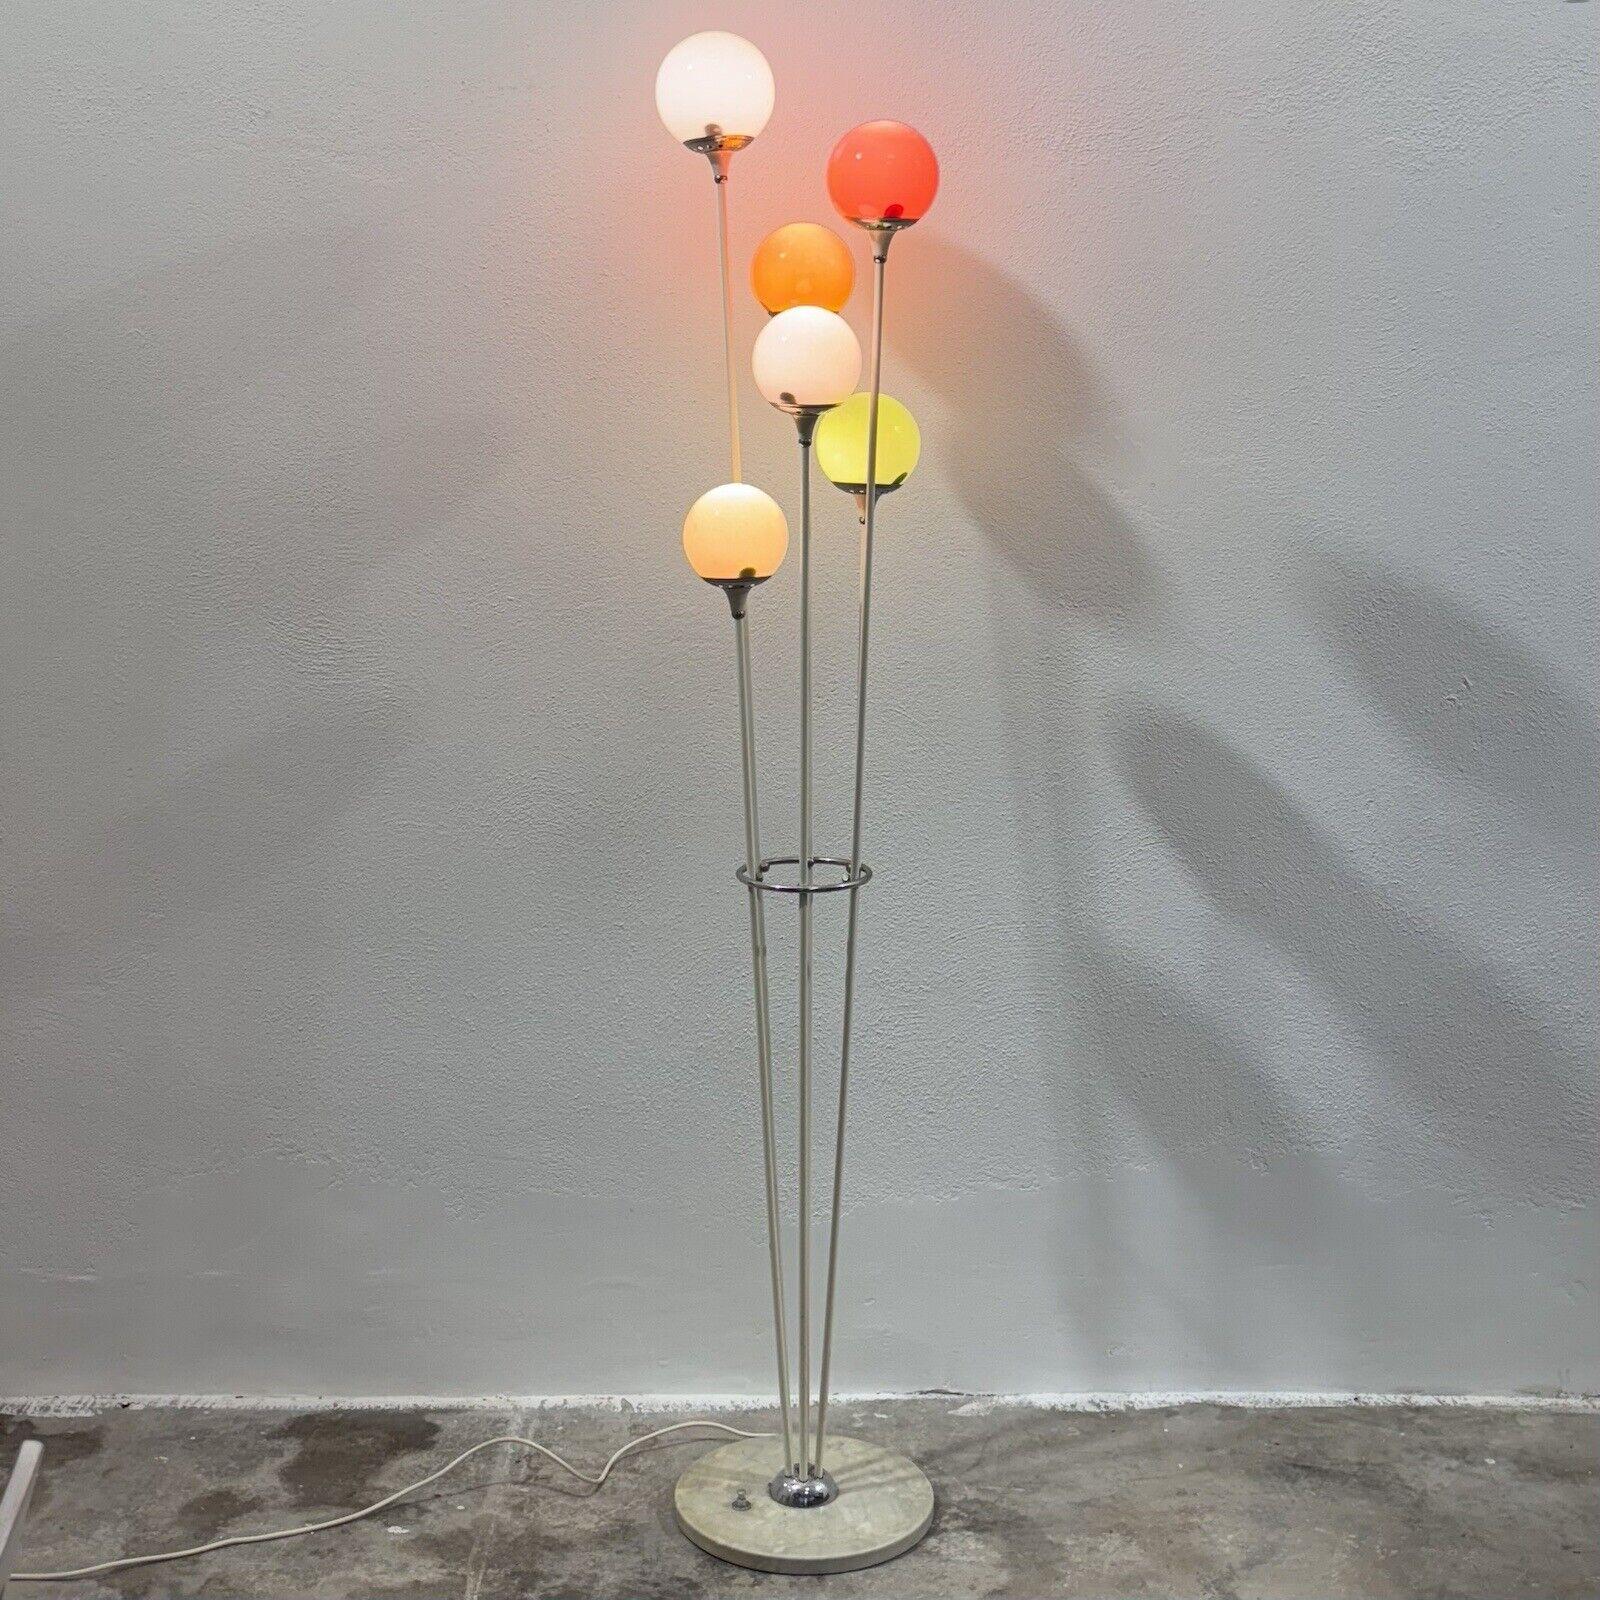 Alberello Stilnovo Floor Lamp 1960's Design Modernism Mid-century.

Metal frame , marble base, glass diffusers.

The item is in good conservative condition, there are no major cosmetic or structural defects to report, just slight and obvious signs

☆ ☆ ☆ ☆ ☆ ☆ ☆

◆ Assigned task:
Only the lines from the one containing "Metal frame , marble base, glass diffusers." through the last line of the material belong in your answer; output them exactly.

◆ Answer box:
Metal frame , marble base, glass diffusers.

The item is in good conservative condition, there are no major cosmetic or structural defects to report, just slight and obvious signs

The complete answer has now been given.